「渡し場」の原詩「Auf der Überfahrt 」は、ライン川支流のネッカー川が流れるチュービンゲンに生まれ育ったドイツ詩人ウーラント(Ludwig Uhland)によって1823年に作られた。
それから約90年後、明治から大正となった1912年頃、明治20年(1887)から3年間のドイツ留学経験がある新渡戸稲造らが、この詩を「友情はかくありたい」といった趣旨で、講話、雑誌、単行本などを通じ、少年少女、学生、一般人に盛んに紹介した。

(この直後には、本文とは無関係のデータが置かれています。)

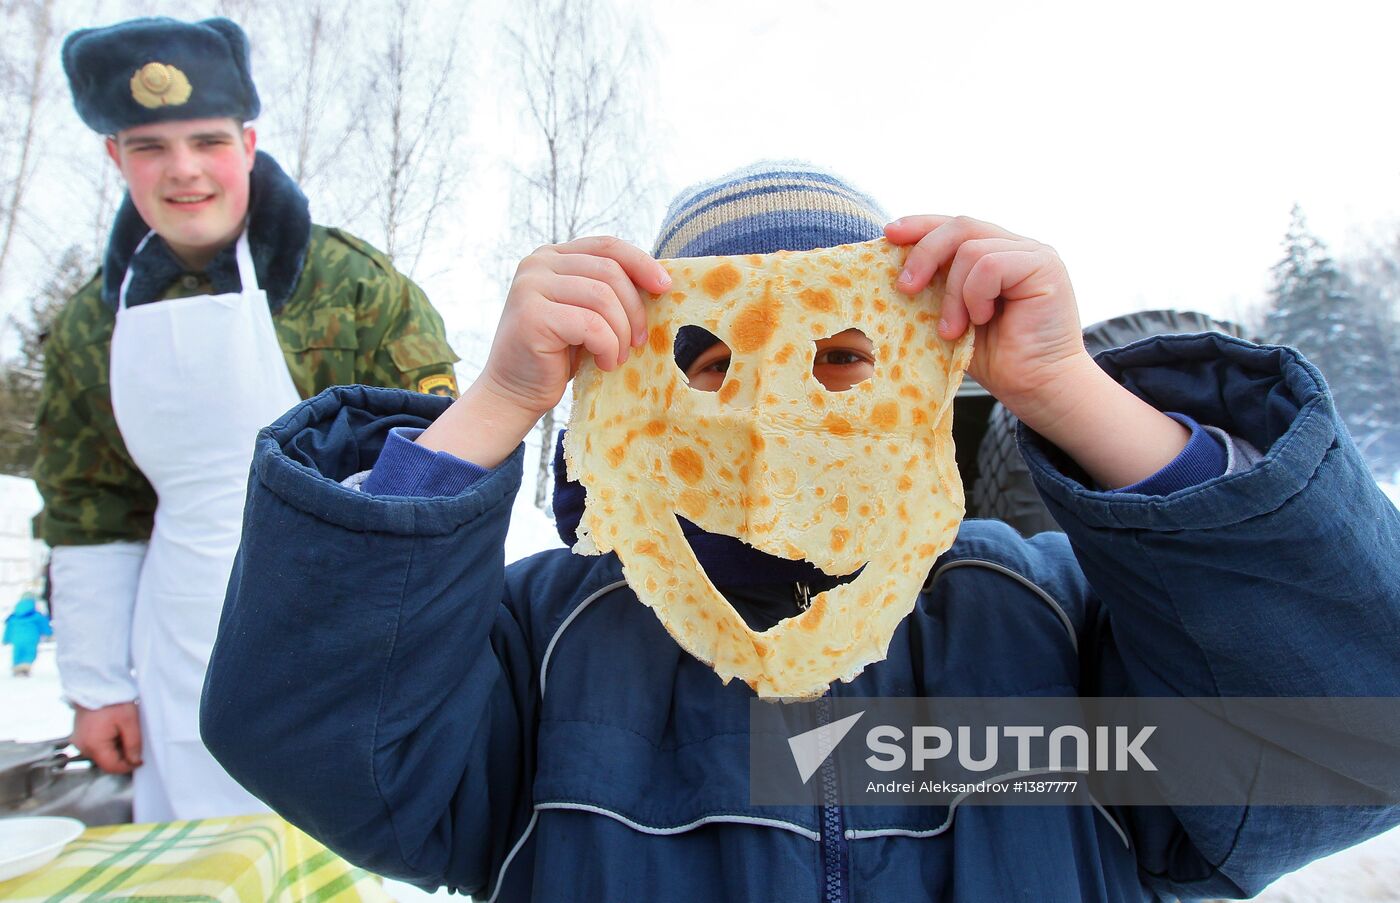 Belarus' interior troops celebrate Butter Week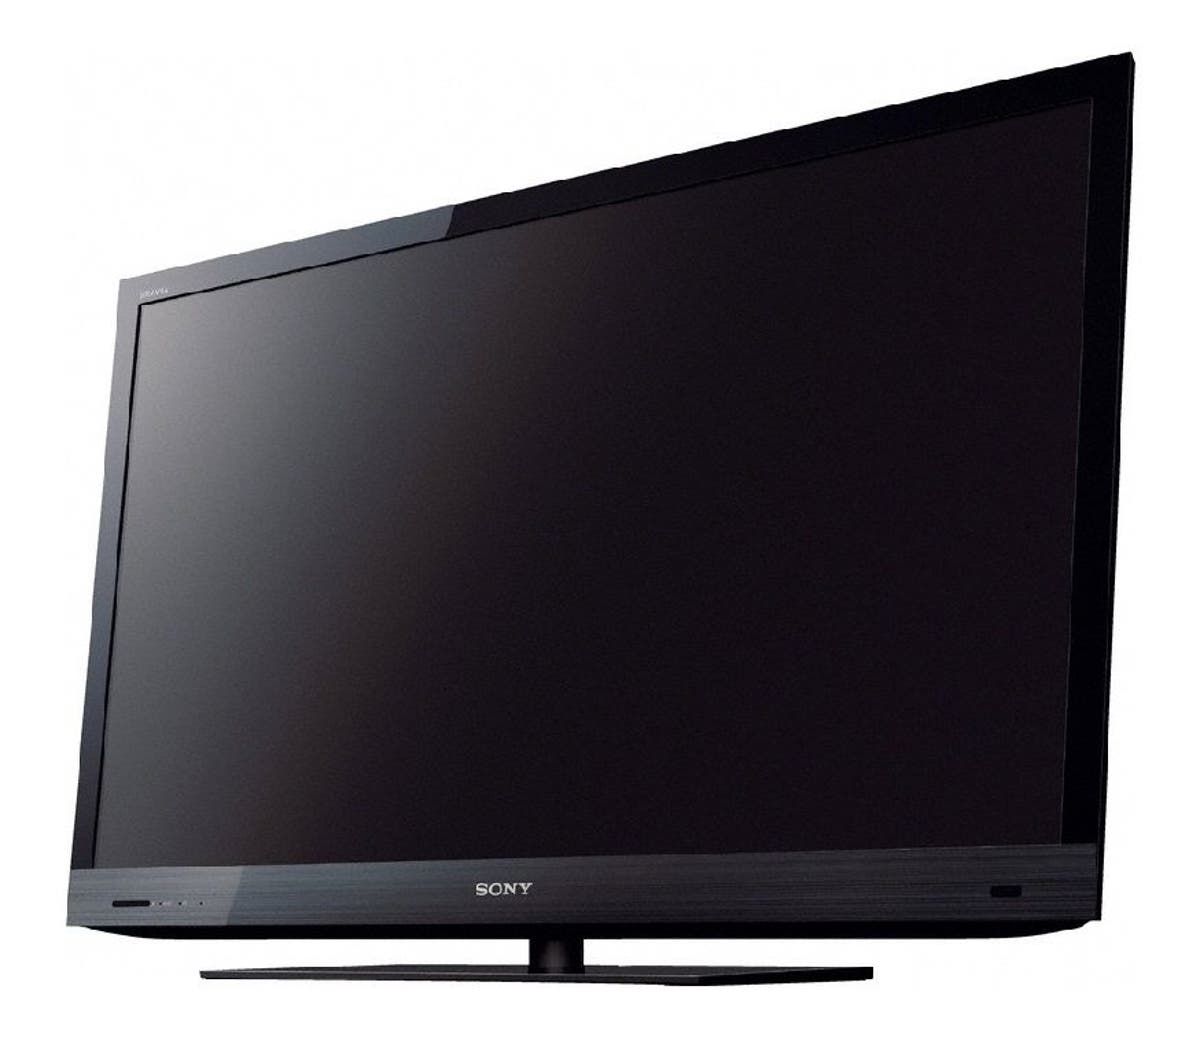 Samsung presenta un televisor de 40 pulgadas y 1 centímetro de grosor

戦後においても、新渡戸の影響を受けたと思われる教職者が、学生に語り伝えることがあった。やがて、戦後の混乱が落ち着き始め、後に神武景気といわれるときに、「渡し場」の文語共訳者の一人となった猪間驥一が、昭和31年(1956)9月13日発行朝日新聞(東京版)の「声」欄に「老来五十年 まぶたの詩」と題して次の投書を行った。
◇「渡船に乗って川を越そうとしている老人がある。何十年か前に、彼は親友と連れ立って、同じ渡しを渡ったことがあった。老人のまぶたの裏には、なつかしい亡友のおもかげが、そのかみの数々の思い出につれて浮かんでくる。
『着きましたよ』という船頭の声に、驚いて老人は立上って、渡し賃を払う。一人分の倍額ある渡し賃『船頭さん、それだけとっておいて下さい。お前さんにはお客は一人しか見えなかったろうが、わたしは連れと一緒だったつもりだから』と老人がいった」
◇私は子供のころ、これを少年雑誌か何かで読んだ。そのとき、大きくなって外国語がわかるようになったら、それを読み直そうと思った。そして一、二の外国語を学んで、この詩にめぐり会おうと心がけてきたが、それ以来五十年ついに会えないでいる。子を失い友を失うこと多く、老来、この詩のこころをひしひしと感ずることがしばしばである。これがどこの国のだれの詩か、何の本に出ているか、どなたか教えて下されば幸いである。
朝日新聞(東京版)学芸欄に、投書者・猪間驥一よる『「まぶたの詩」に会うの記』が掲載され、さらに週刊朝日が『詩 人生の「渡し場」 投書欄に咲いた心の花』として特集記事を掲載した。
資料提供者の中に、原詩と自らの訳詩を提供した、当時20才代の小出健(こいで たけし)がいた。小出は週刊朝日に掲載された文語訳詩「渡し場」の共訳者となった。